Hox genes are evolutionarily conserved transcription factors that regulate the expression of other developmental genes. They are organized into clusters, with the order of genes in each cluster paralleling their expression along the anterior-posterior axis. In the free-living nematode Caenorhabditis elegans, the Hox genes are much more dispersed along the chromosome, and the anterior Hox genes,
ceh-13 and
lin-39, are reversed, but little is known about the Hox genes in other nematode taxa. We are interested in the Hox gene cluster architecture of insect parasitic nematodes from the genus Steinernema (S. carpocapsae, S. scapterisci, S. feltiae, S. glaseri, and S. monticolum), for which we have assembled genomes and stage-specific transcriptomes.
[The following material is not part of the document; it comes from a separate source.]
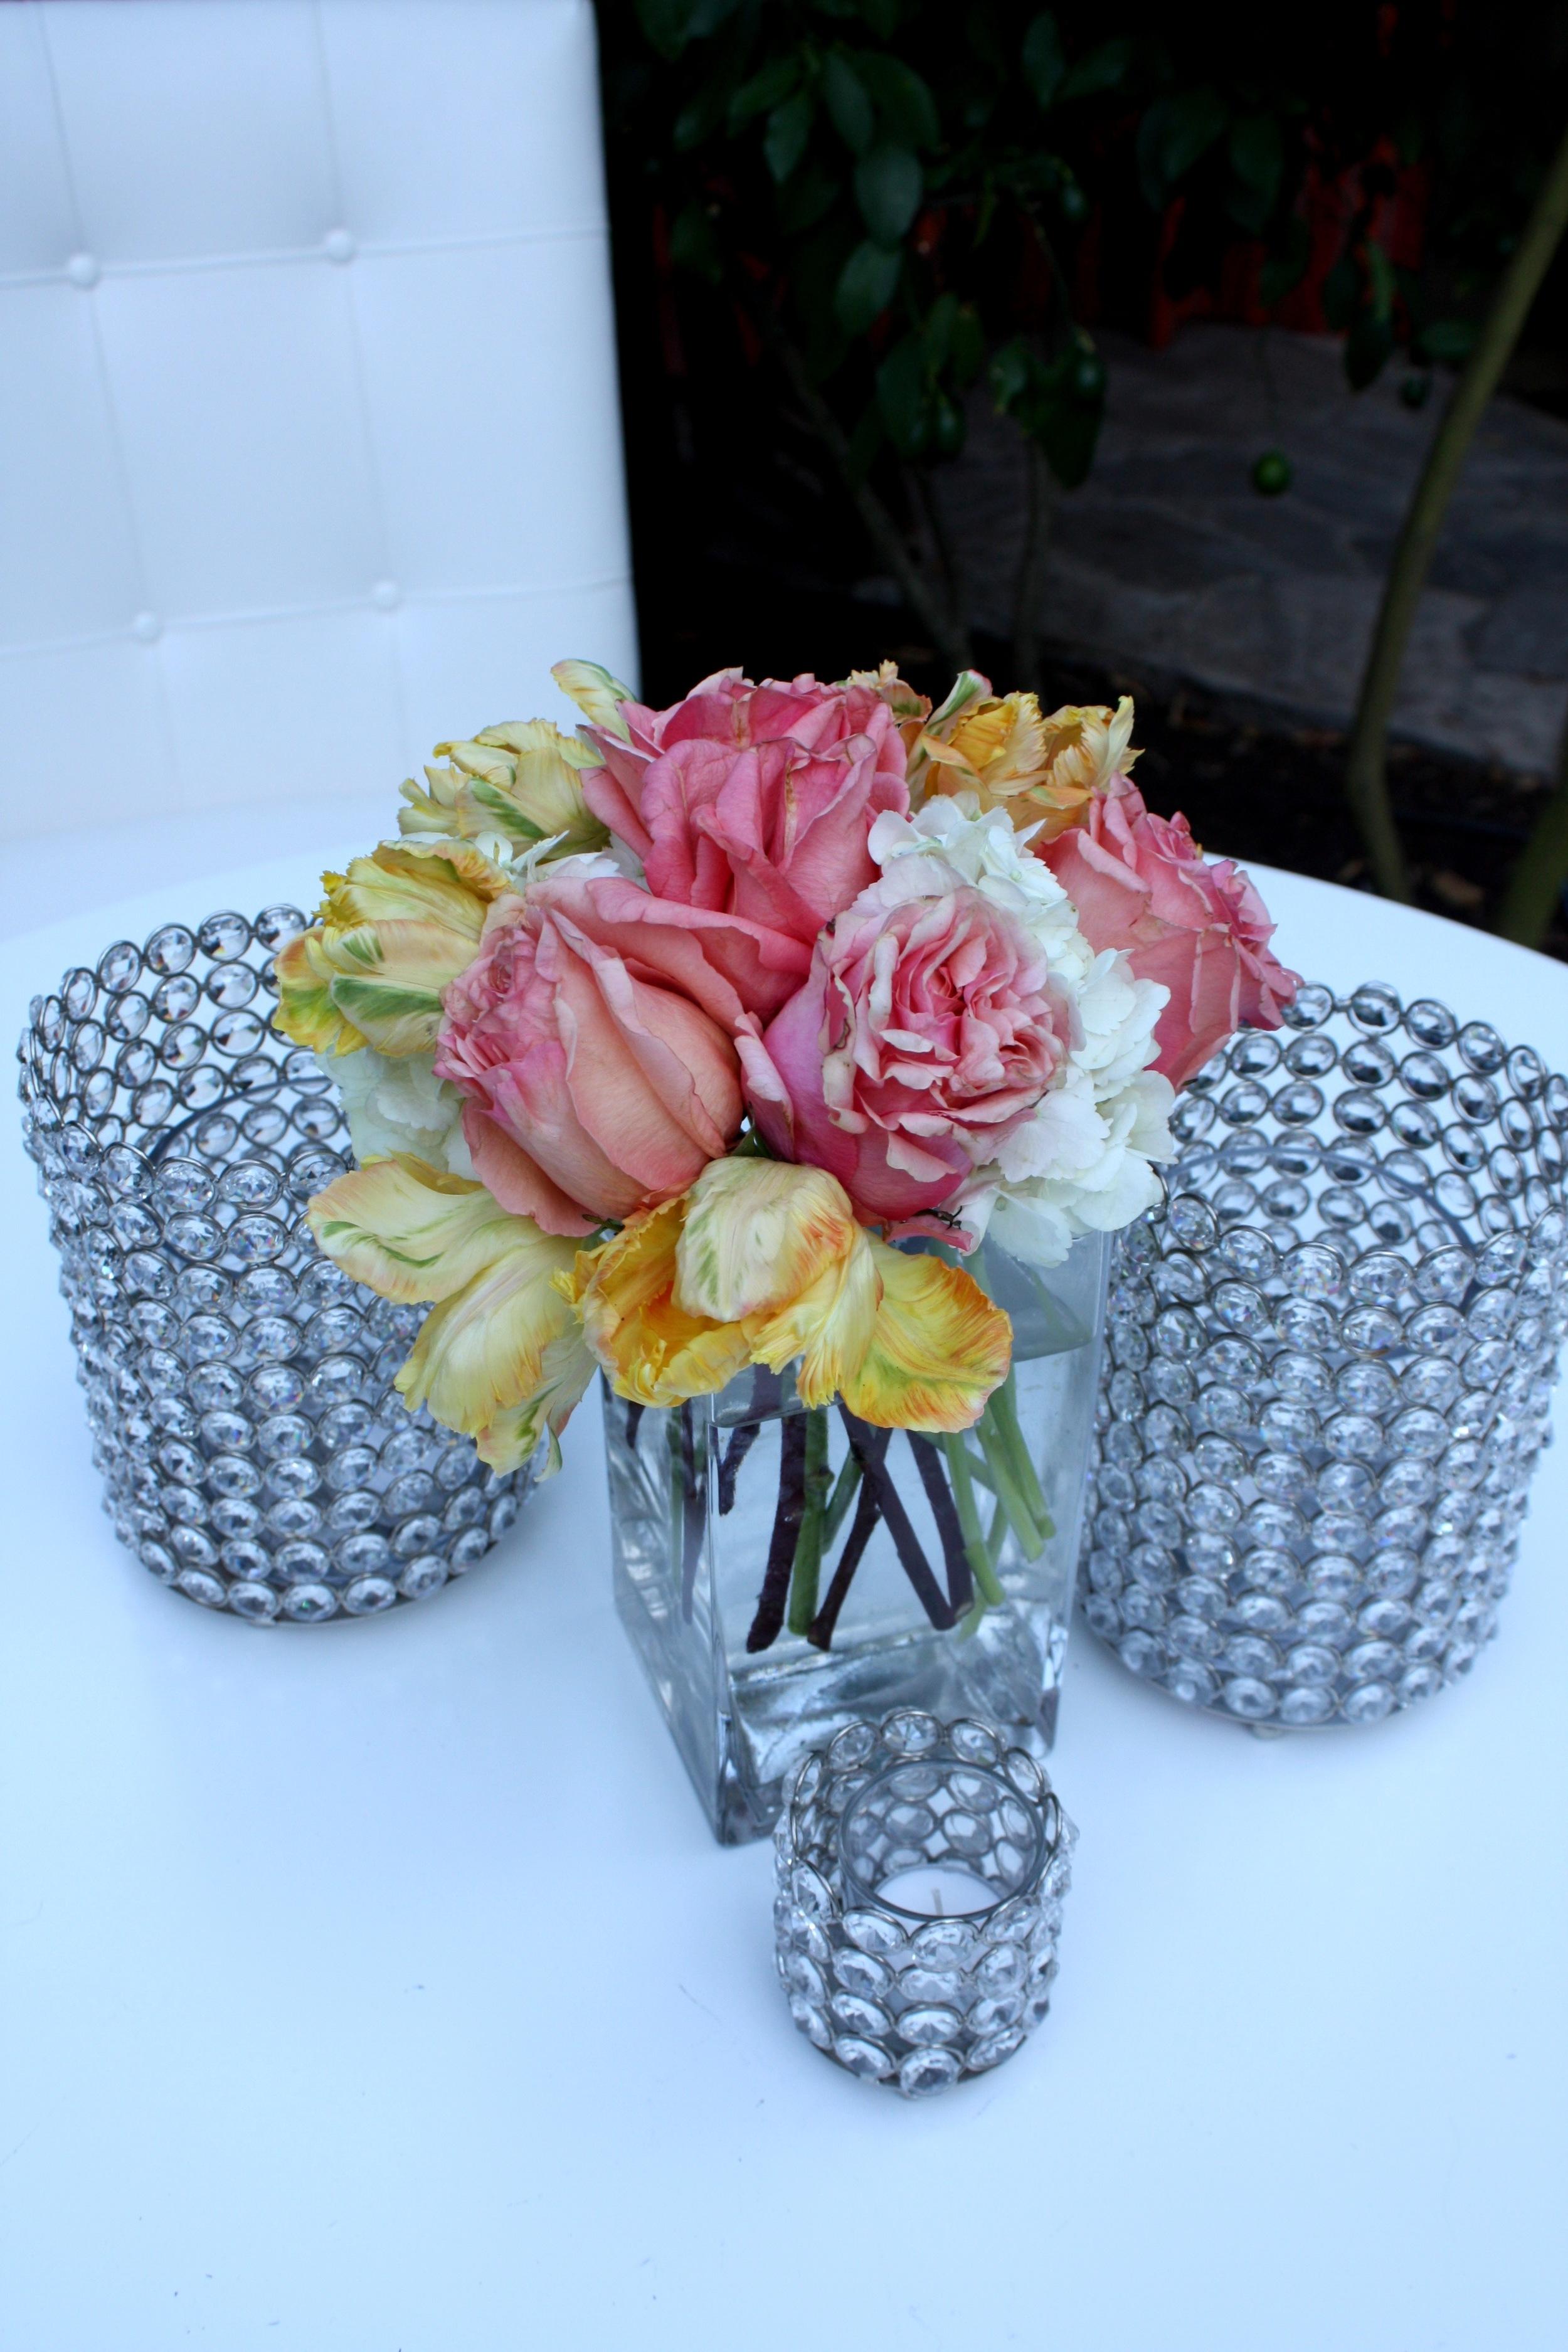 44.RS - crystal tea lightsm sparkle wedding, gorgeous wedding decor, peach + coral weddingm summer wedding, .jpg

More specifically, we are interested in exploring the presence, order, and dispersal of the Hox genes in these newly sequenced nematodes, to identify the level of conservation within this genus and their conservation with C. elegans. We also investigated the extent of non-coding conservation around Hox genes, looking for candidate regulatory regions. Surprisingly, the Hox gene cluster among steinernematids is very different from what is known in C. elegans. For example, we have found approximately 10 genes between the steinernematid Hox genes
ceh-13 and
lin-39, whereas the region between the orthologous
ceh-13 and
lin-39 Hox genes in C. elegans is a gene desert. Interestingly, many of the intervening genes in the steinernematids are conserved and expressed in C. elegans, but are located nowhere near the C. elegans Hox cluster. We explored this in another nematode genome that we have assembled, Panagrellus redivivus, where we find only two intervening genes present between
ceh-13 and
lin-39 Hox genes. These findings suggest that the organization of the Hox cluster in nematodes has structural plasticity and varies across the phylum.